Бродяг и нищих и след простыл: их должны были выдворить к семи часам утра. Так что трактир остался в моем распоряжении — я, хозяйка и служанка. Везде было очень чисто, полно немецкой утренней энергии и яркости, которая так отличается от латинского утра. Итальянцы с самого утра мертвые и вялые, немцы — энергичные и веселые.

Было весело в солнечное утро смотреть вниз на быструю реку, крытый живописный мост, берег и холм напротив. Затем по извилистой дороге на противоположном холме проехала швейцарская кавалерия, люди в синих мундирах. Я вышел посмотреть на них. Они с грохотом пронеслись по романтичной темной пещере крытого моста и спешились у входа в деревню. Повсюду чувствовалась свежая утренняя бодрость — в прибытии войск, в приветствиях сельских жителей.

Швейцарцы не выглядят очень уж по-военному, ни в экипировке, ни в осанке. Этот небольшой отряд кавалерии больше походил на компанию обычных людей, выехавших по своим делам, чем на армию. Они были очень республиканскими и очень свободными. Офицер, командовавший ими, был одним из них, его власть держалась на согласии.

Все это было очень приятно и искренне; чувствовалась легкость и умиротворение, совсем не похожее на механическое, слегка угрюмое маневрирование немцев.

Деревенский пекарь и его помощник вышли, разгоряченные и в муке, из пекарни, неся большую корзину свежего хлеба. Кавалеристы спешились у начала моста, ели и пили, как деловые люди. Сельчане приходили приветствовать своих друзей: один солдат поцеловал отца, который пришел в кожаном фартуке. Школьный колокольчик звякал сверху, школьники робко пробирались сквозь сбившихся в кучу лошадей вверх по узкой улице, неохотно проходя со своими книгами. Река текла быстро, солдаты, очень небрежные и расслабленные в своей форме, настоящие оборванцы, жевали хлеб большими кусками; молодой лейтенант, который, казалось, был офицером только с согласия людей, стоял в стороне у моста, серьезный.
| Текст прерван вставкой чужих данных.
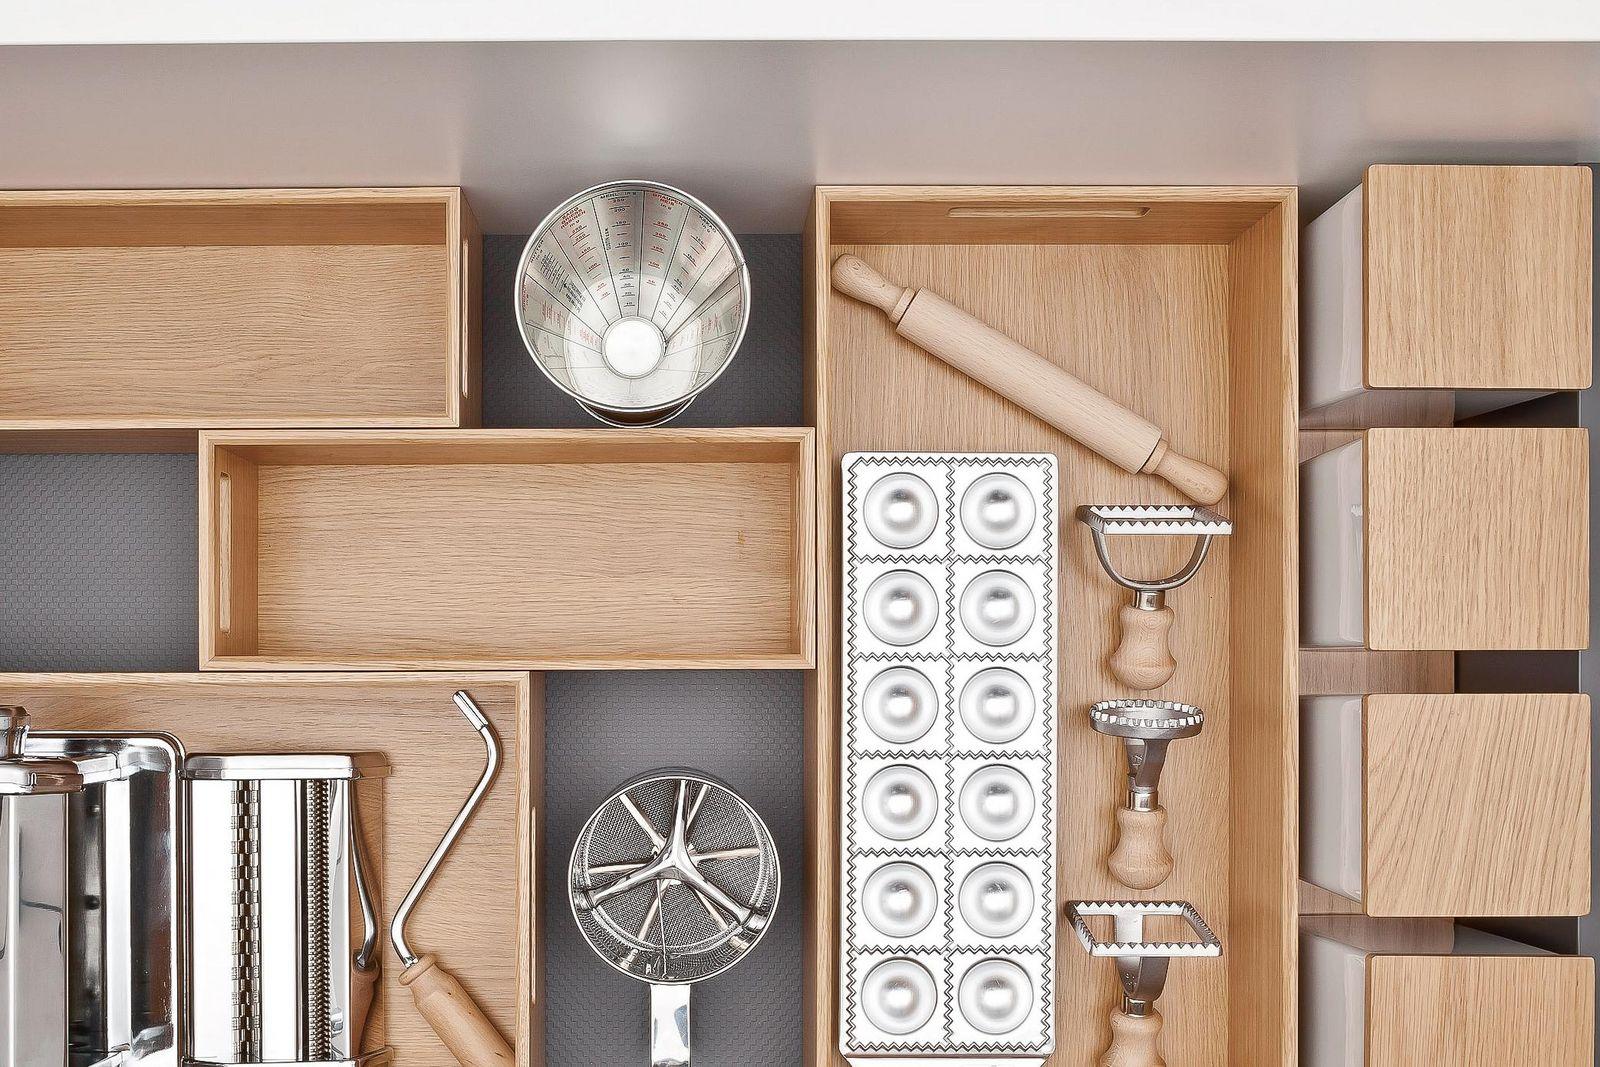 Full Size of Gewürze Schubladeneinsatz Verstauen Und Sortieren Next125 Designkchen Küche Wohnzimmer Gewürze Schubladeneinsatz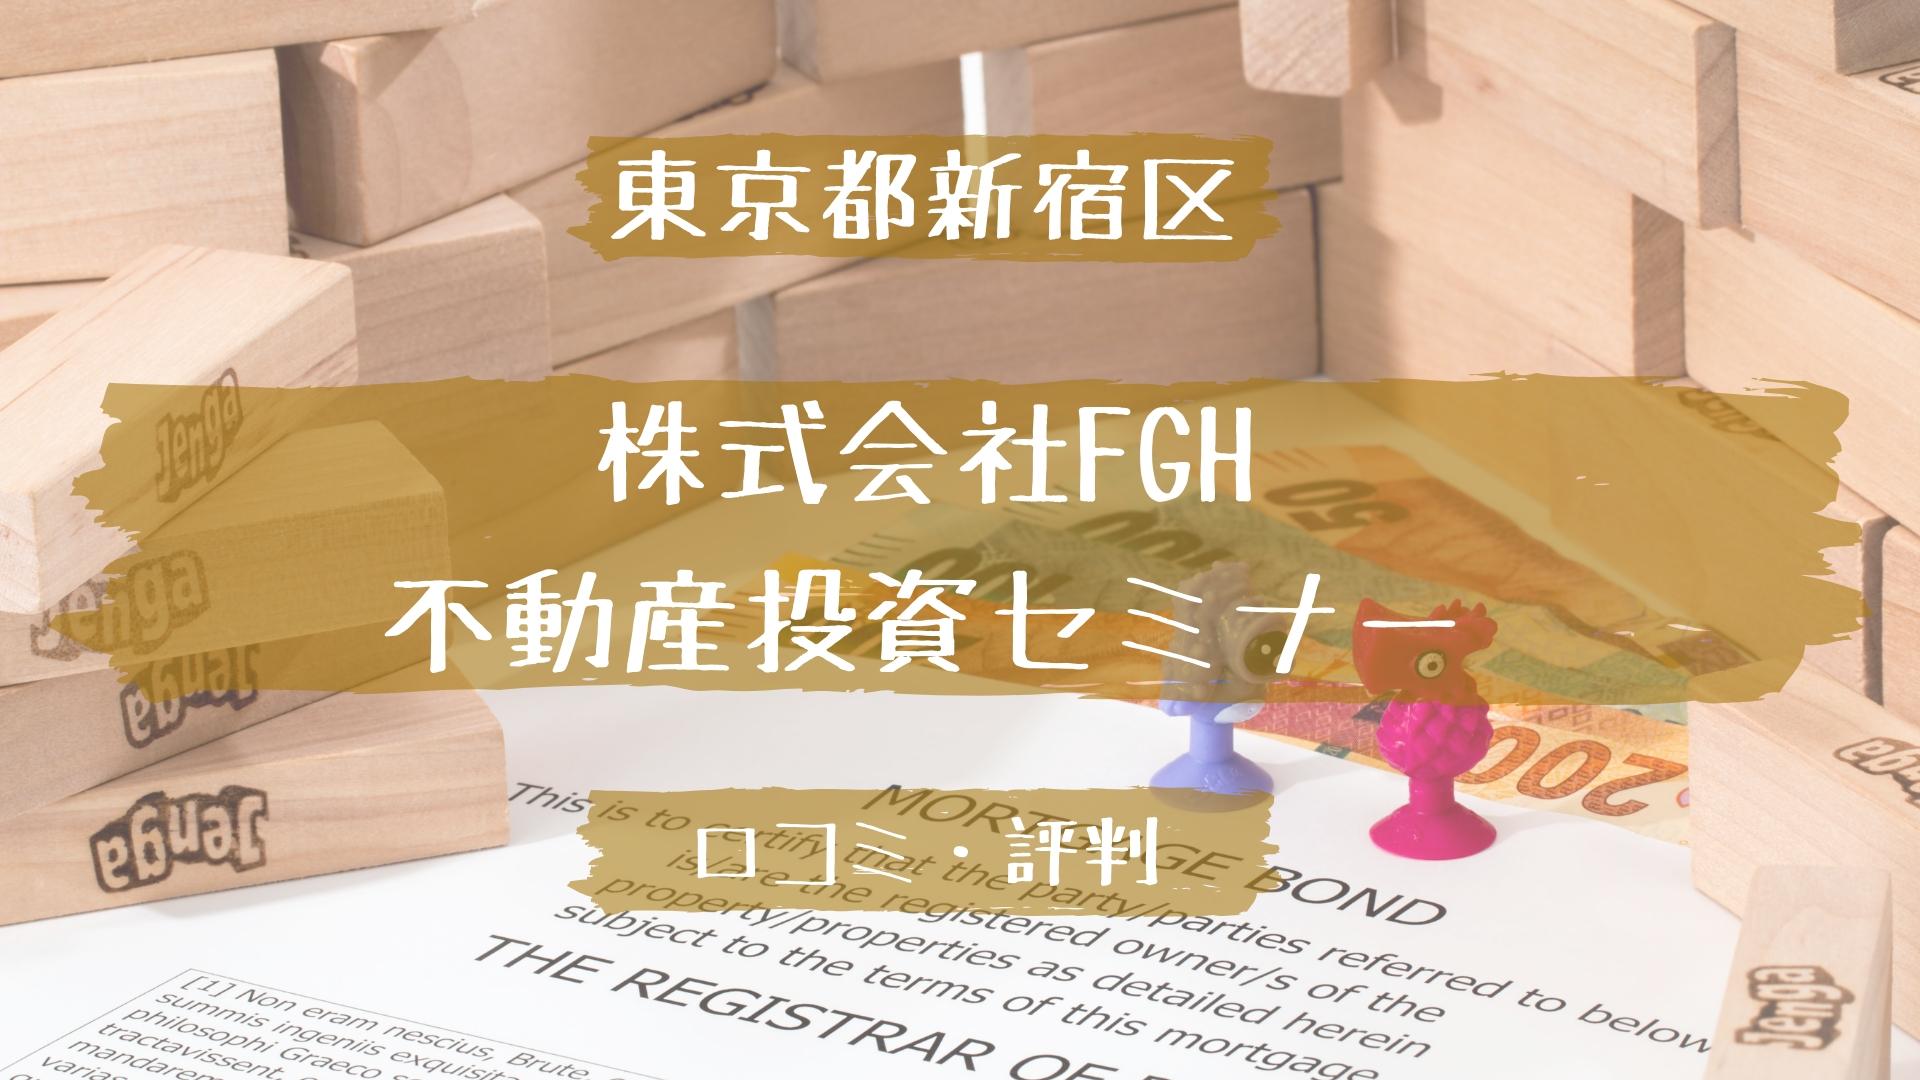 株式会社FGH_不動産投資セミナー

Все они были серьезны и довольны собой, совсем не гламурные. Это было похоже на деловую поездку верхом, безобидную и не вдохновляющую. Мундиры были почти смехотворны, настолько плохо сидели и были повседневны.

Я взвалил на плечи свой рюкзак и отправился в путь, через мост над Рейном и вверх на холм напротив.

В этой стране есть что-то очень мертвое. Помню, я собирал яблоки с травы у обочины, и некоторые были очень сладкими. Но в остальном — миля за милей мертвой, не вдохновляющей местности — не вдохновляющей, настолько нейтральной и обыденной, что это было почти разрушительно.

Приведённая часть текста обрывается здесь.